# DIY Co2 question



## pjb9166 (Apr 2, 2012)

Ok Co2 system set up and running defused through air stone. Should it be running ful bore
or should it be restricted. I do have a valve in line with the tubing

thanks Paul


----------



## aquaman555 (Mar 22, 2011)

It should run full bore. Some people add bubble counters and/or check valves that may restrict flow, but I do not see any need to intentionally restrict it.


----------



## pjb9166 (Apr 2, 2012)

thanks for the reply. I thought I had read 2bpm.
kind of hard using an air stone as a defuser.
I was counting pulses or rush of bubbles as pressure
bilt up and released Co2.


----------



## pjb9166 (Apr 2, 2012)

the two bubble thing was for a pressurized Co2 system.
sorry just learning all of this. only two days what a drastic
change in the amount of Co2. I've never seen a diy Co2
generator in use before.


----------



## Basic (Feb 11, 2012)

Just a little heads up. Do you have something like a drop checker to measure your co2 levels. If you don't I would get one. Even with diy co2 generators its good to know what your levels are. If you are or think your fish are being effected by to much co2. You can put an air stone in your tank and run it at night that way you don't get a build up at night when no one is using co2. Put it on a timer and set for when your lights go out.
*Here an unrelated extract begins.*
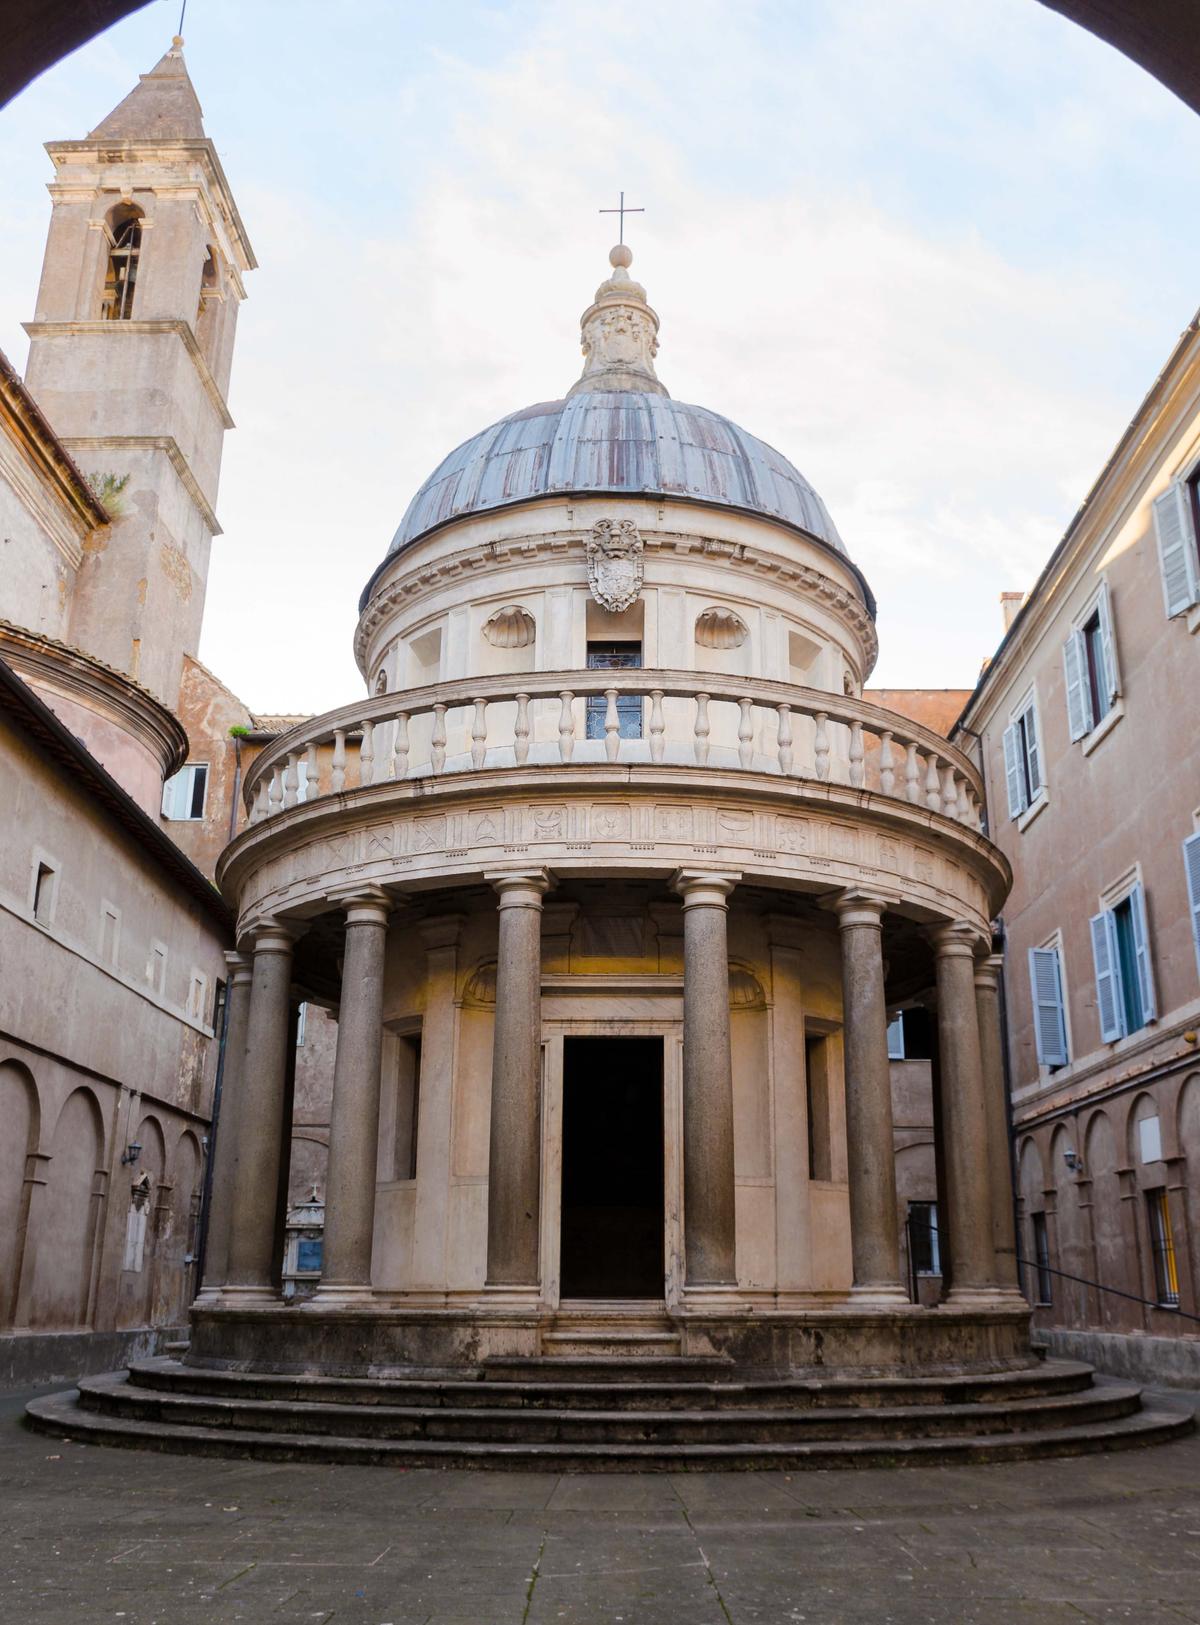 The Tempietto of Donato Bramante is the first example of High Renaissance architecture that inspired St. Peter's Basilica in the Vatican. (Em Campos/Shutterstock)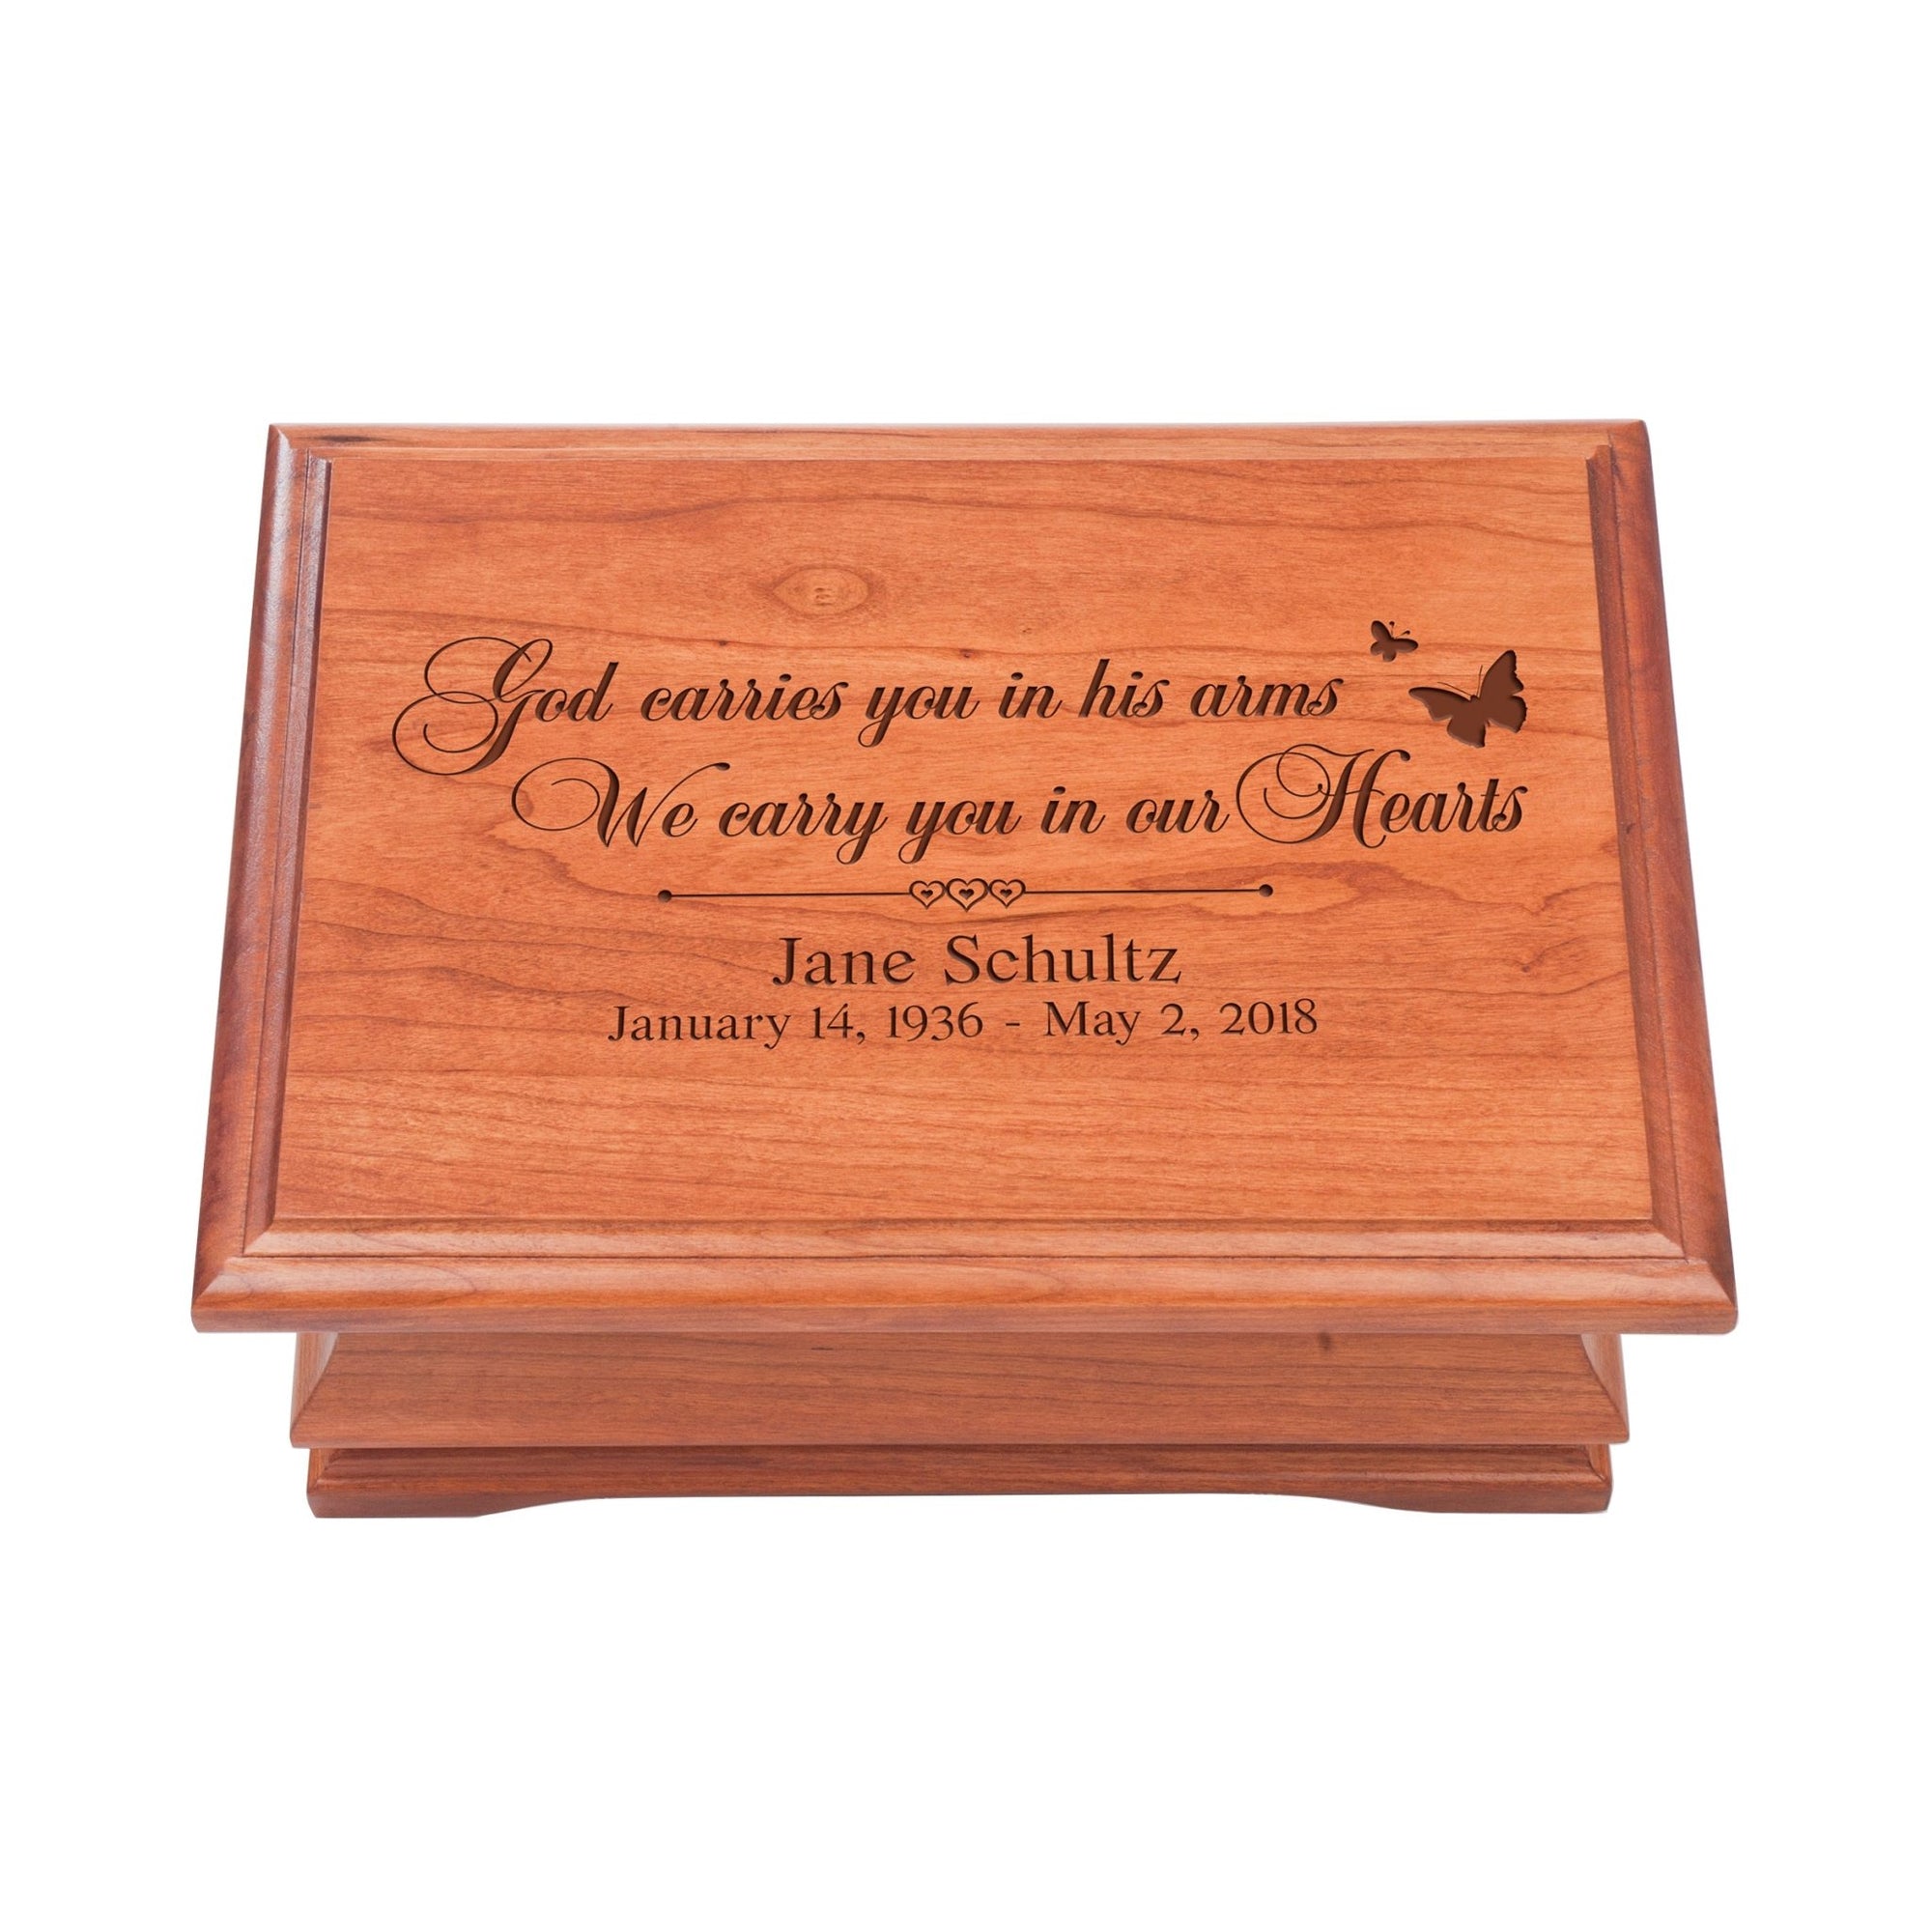 Personalized Wooden Memorial Jewelry Box Organizer 11.5x8.25 – God Carries You - LifeSong Milestones

If you have problems with diffusion with your stone. You can try the electric bubble maker by hydor it comes in their co2 generator kit but you can buy them separately.


----------



## pjb9166 (Apr 2, 2012)

Thank you for your input much appreciated. I just checked my ph and it is like 6.4
I need to get a kh test kit. Any suggestions on buffering my ph. It comes out of tbe tap
at 7.6
I use Neutral Regulator 7.0 by Seachem. When I do water changes. I'm doing one after this post.


----------



## Basic (Feb 11, 2012)

I would leave it alone. Trying to adjust the ph is difficult and not needed. Your better off with the ph steady. The plants will do just fine at the level coming out of your faucet. Keep your kh around 5-6 and your gh about the same. Your co2 will set the ph. The ph is just not that important unless it gets past 8


----------



## pjb9166 (Apr 2, 2012)

Well how about the fish I have. I'm also not sure what the kh and gh are
I need a test kit i guess, a all in one would be great.


----------



## pjb9166 (Apr 2, 2012)

Well how about the fish I have. I'm also not sure what the kh and gh are
I need a test kit i guess, a all in one would be great. So how do I control 
my hardness? What do i use?
Thank you so much for your help. This is a pain doing this on my phone.
Thanks again Paul


----------



## Basic (Feb 11, 2012)

First go to The Krib. Com and read all you can about water hardness in a freshwater planted Aquarium. Then get your test kits and I will help you with any questions you have about controlling your hardness. That is the best way to do it. You will learn more about it that way. That's how I did it, then I was better able to ask more specific questions


----------



## pjb9166 (Apr 2, 2012)

Well how about the fish I have. I'm also not sure what the kh and gh are
I need a test kit i guess, a all in one would be great. So how do I control 
my hardness? What do i use?
Thank you so much for your help. This is a pain doing this on my phone.
Thanks again Paul


----------



## Basic (Feb 11, 2012)

BTW don't try to control it till you have a better understanding of it


----------



## pjb9166 (Apr 2, 2012)

Understood. Like I said it's hard to read lengthy things on this phone
Sucks getting old.


----------



## pjb9166 (Apr 2, 2012)

Ok then I read the article. Honestly I got Bla, Bla, Bla Co2 that is acidic will
break down buffering ions. I think if I get this correct, I could use baking soda to buff my kh
and inturn will raise my ph. 
Here are my water specs.
Ammonia = 0
Nitrite = 0
Chlorine = 0
Nitrate = 20
GH = 150
KH = 120
Ph = 6.8

If I understand this I'm in good parameters. I should have a Co2 count around 15 give
or take.
Think I just a brain cram.

Thanks again Paul


----------



## pjb9166 (Apr 2, 2012)

Basic
I did read that article and it waa somewhat informative
for a non chemists person like me. I understand that introducing
Co2 to the tank the acidic nature will brake down the buffering
ions and Ph will drop. If i'm understanding all this I can use something
as simple as baking soda to control the Gh and Kh. I've been meaning to post
the stats of my tank but have had technical difficulties
when I try to hit post quick reply. Besides I came home from work on Friday
to find my daughter had put the pez egg color tabs in my tank.


----------



## Diana K (Dec 20, 2007)

GH = 150
KH = 120


These are just fine for most plants and most of the common hatchery bred fish. It is a bit too hard to breed the soft water fish, if that was your goal. 
There is plenty of carbonate (KH) to buffer the pH. Do not worry about it. 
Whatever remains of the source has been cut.